- Aug 4, 2021
MIT researchers have found ways to implement AI to fast forward the procedure of designing new molecules with precise results, in the field of medical research.
The research was a part of Machine Learning for Pharmaceutical Discovery and Synthesis that’s being carried out by MIT researchers in concert with eight medical firms. The newly developed AI model by the researchers can select lead molecules, boost the structure for achieving higher potency, and at the same time keep it chemically valid.
The consortium was announced in May and has identified one key challenge in drug discovery: lead optimization.
The motivation behind this was to replace the inefficient human modification process of designing molecules with automated iteration and assure the validity of the molecules we generate. – Wengong Jin, lead author of the model’s paper
Co-author of the paper Tommi S. Barzilay talked about what’s coming next: “The next step is to take this technology from academia to use on real pharmaceutical design cases, and demonstrate that it can assist human chemists in doing their work, which can be challenging.”

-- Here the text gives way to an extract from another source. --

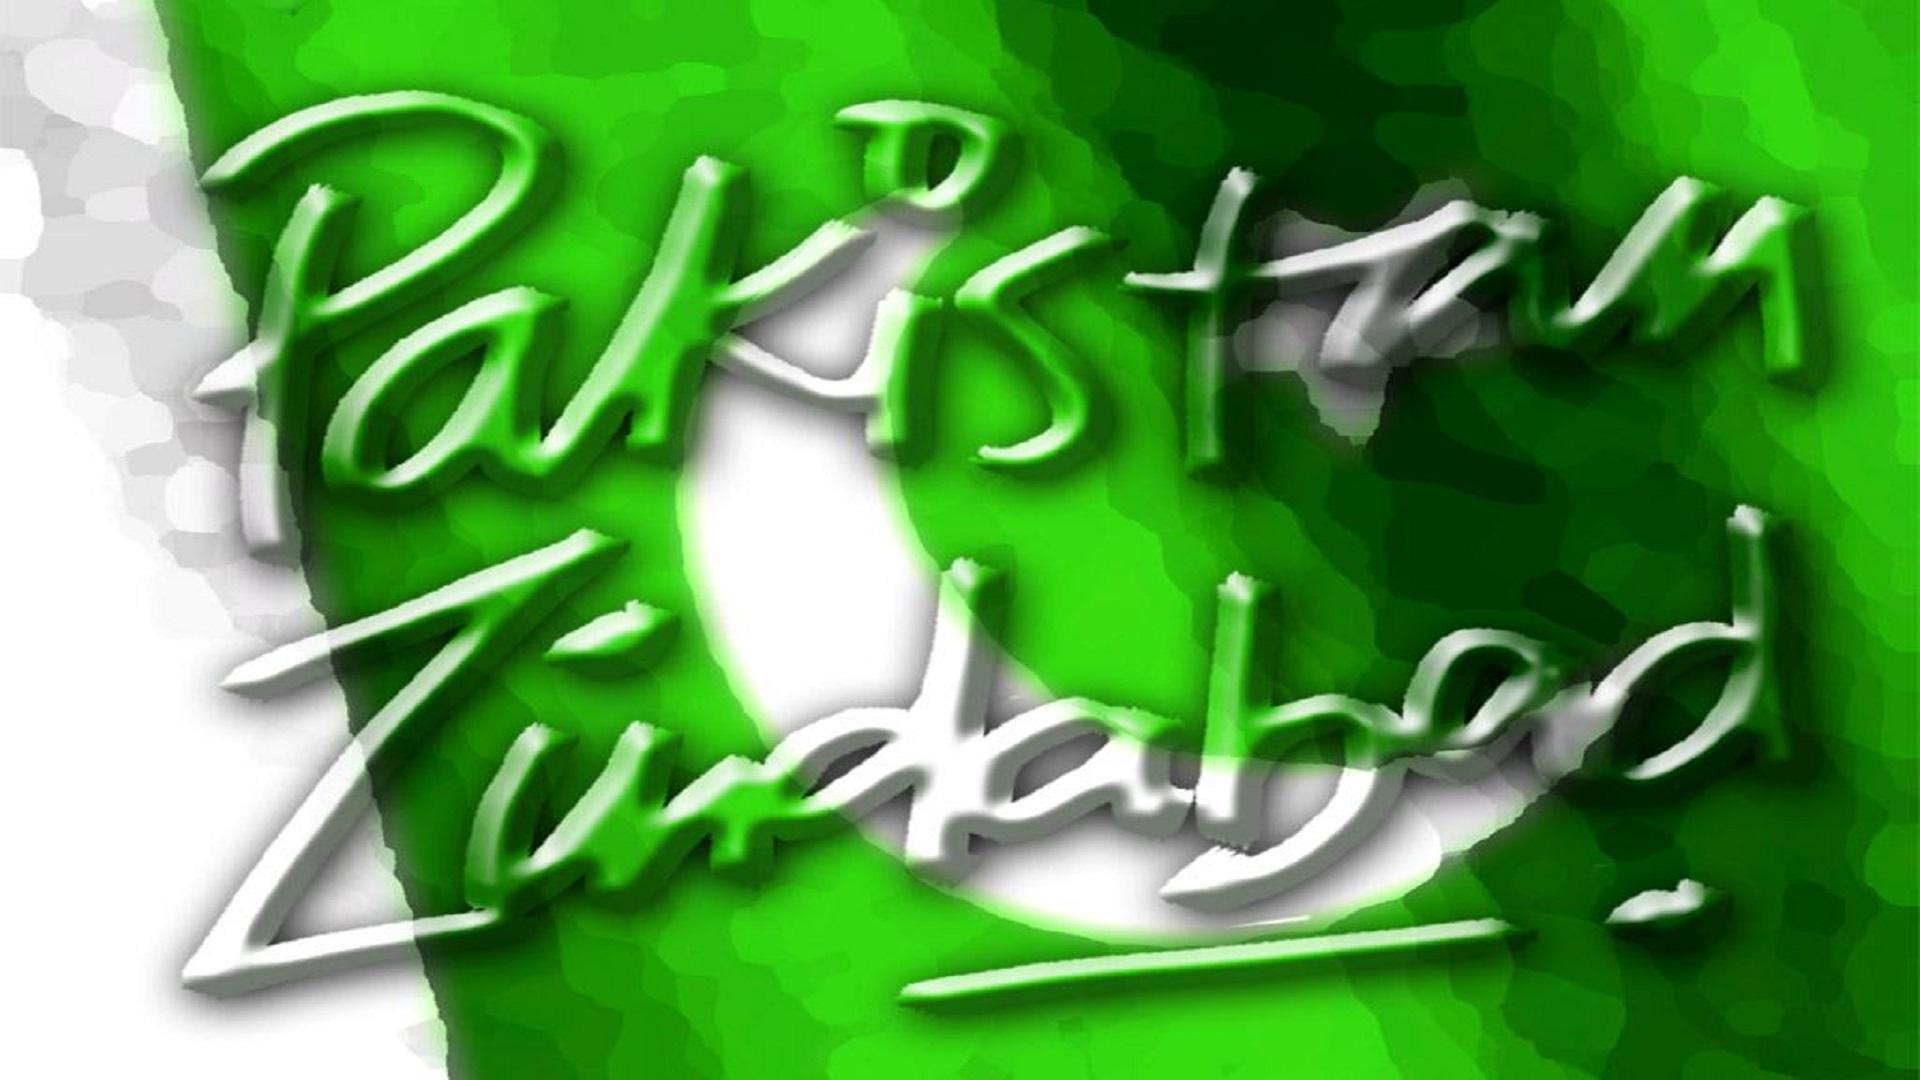 pakistani-flag-back-wallpapers-free-hd

The model was trained across 250,000 molecular graphs derived from the ZINC database, that’s a collection of 3D molecular structures made publicly available. The tasks conducted were generating valid molecules, finding the best lead molecules, and designing novel molecules with enhanced potencies.
The results involved 100% chemically valid molecules generated from a sample distribution. Also, the potency level has been observed to be 30% higher than traditional systems. Finally, the model can create new molecules from modifying 800 molecules for higher potency while closely staying true to the lead molecular structure, and it averaged over 80% improvement in potency.
Next will come testing the model on properties beyond solubility, the ones that are more therapeutically relevant. This requires more data, as the researchers point out. They are planning to develop a new model to deploy with a limited amount of training data.